Casey v. State

414 S.W.2d 657 | Tex. Crim. App. | 1967

OPINION

WOODLEY, Presiding Judge.

The conviction is for the felony offense of drunk driving; the punishment, 5 years.

Two grounds of reversal are presented by appellant’s brief.

The first relates to the sufficiency of the indictment, raised by motion to quash, the contention being that the indictment fails to disclose that it was presented in the district court of the county where the grand jury was in session, as required by Article 396 C.C.P., 1925, now Article 21.02 Vernon’s Ann.C.C.P.

The indictment alleges, in the first paragraph :

“The Grand Jurors, duly selected, organized and impaneled as such for the County of Runnels, State of Texas, at the October term, A.D., 1965, of the 119th District Court for said County, upon their oaths present in and to said Court that on or about the 26th day of November, A.D., 1965, in the County and State aforesaid, and anterior to the presentment of this indictment Overton Harris Casey did then and there unlawfully, while intoxicated and while under the influence of intoxicating liquor, drive a motor vehicle upon a public highway within said County and within said State.”

These allegations are in the form suggested in Willson’s Texas Criminal Forms, Seventh Edition, Sec. 14, p. 15, and meet the requirements of Art. 21.02 C.C.P. Tunnell v.

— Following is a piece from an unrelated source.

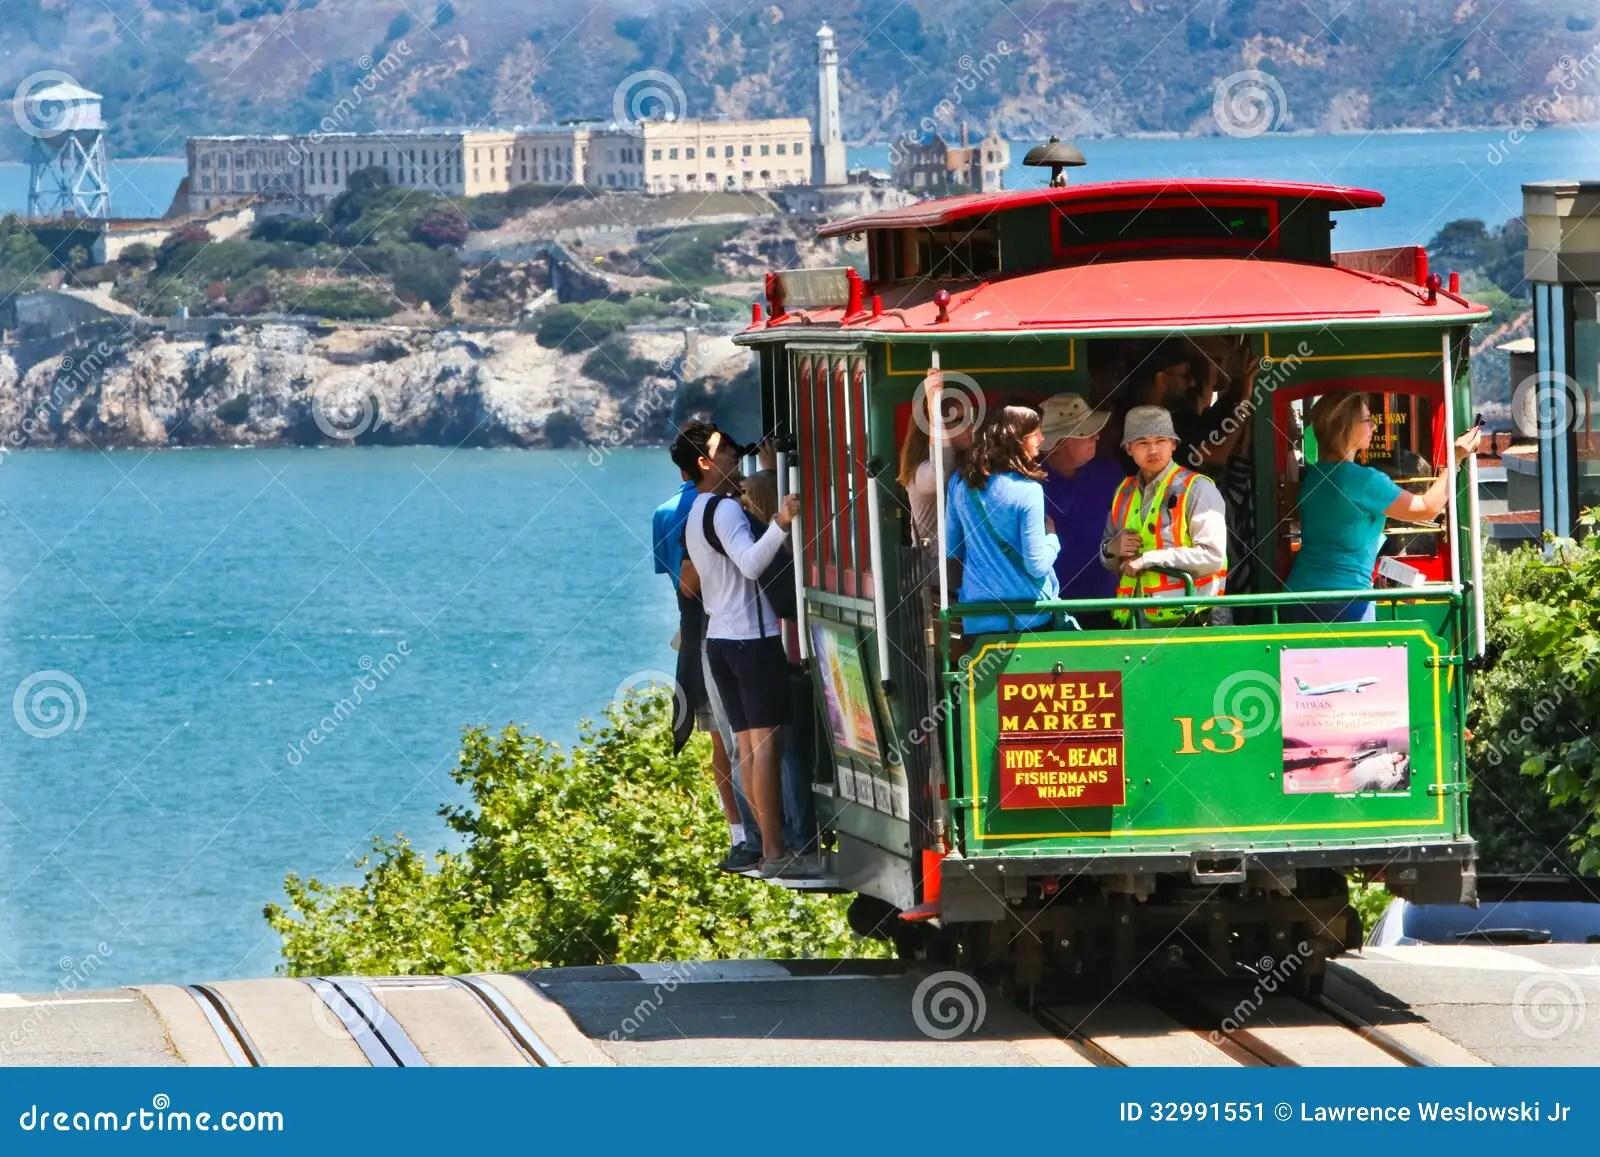 Car Curvy Road Wallpaper San Francisco Cable Car 13 Alcatraz Editorial Photo

State, 168 Tex.Cr.R. 358, 327 S.W.2d 590.

The second ground for reversal relates to the sufficiency of the evidence to sustain the conviction.

The undisputed evidence, including a stipulation between appellant and his counsel and counsel for the state, shows that appellant drove his pickup into the pickup which was parked in front of R. L. Carey’s residence in Winters, Runnels County, Texas, and paid for the damage which amounted to $128.00.

The state’s evidence shows that Mrs. Carey witnessed the collision and saw appellant as he drove from the scene and into the driveway at his home nearby. Mrs. Carey or her husband called the police and some ten minutes later Police Officer Milton Dillard found appellant slumped over the steering wheel of his pickup, in the driveway of his home.

Officer Dillard testified that he tried to talk to appellant but “he just kind of mumbled; wouldn’t say anything to me * * *. He had his shirt unbuttoned and his trousers unbuttoned. He had on one tennis shoe * * * there was a scent of alcohol * * He testified that, based upon his observations of appellant’s dress, his actions, the smell of alcohol, he formed the opinion that appellant was intoxicated * * * “He was just drunk.”

Officer Dillard further testified that he asked to see appellant’s driver’s license and asked him to get out of the pickup but “He just sat there; wouldn’t move.” However, *659when he went to the patrol car and reported where he was, appellant got out of the pickup and started into the alley behind his house, and he caught and arrested him, and that appellant “took a swing at him” but “said nothing to make sense.”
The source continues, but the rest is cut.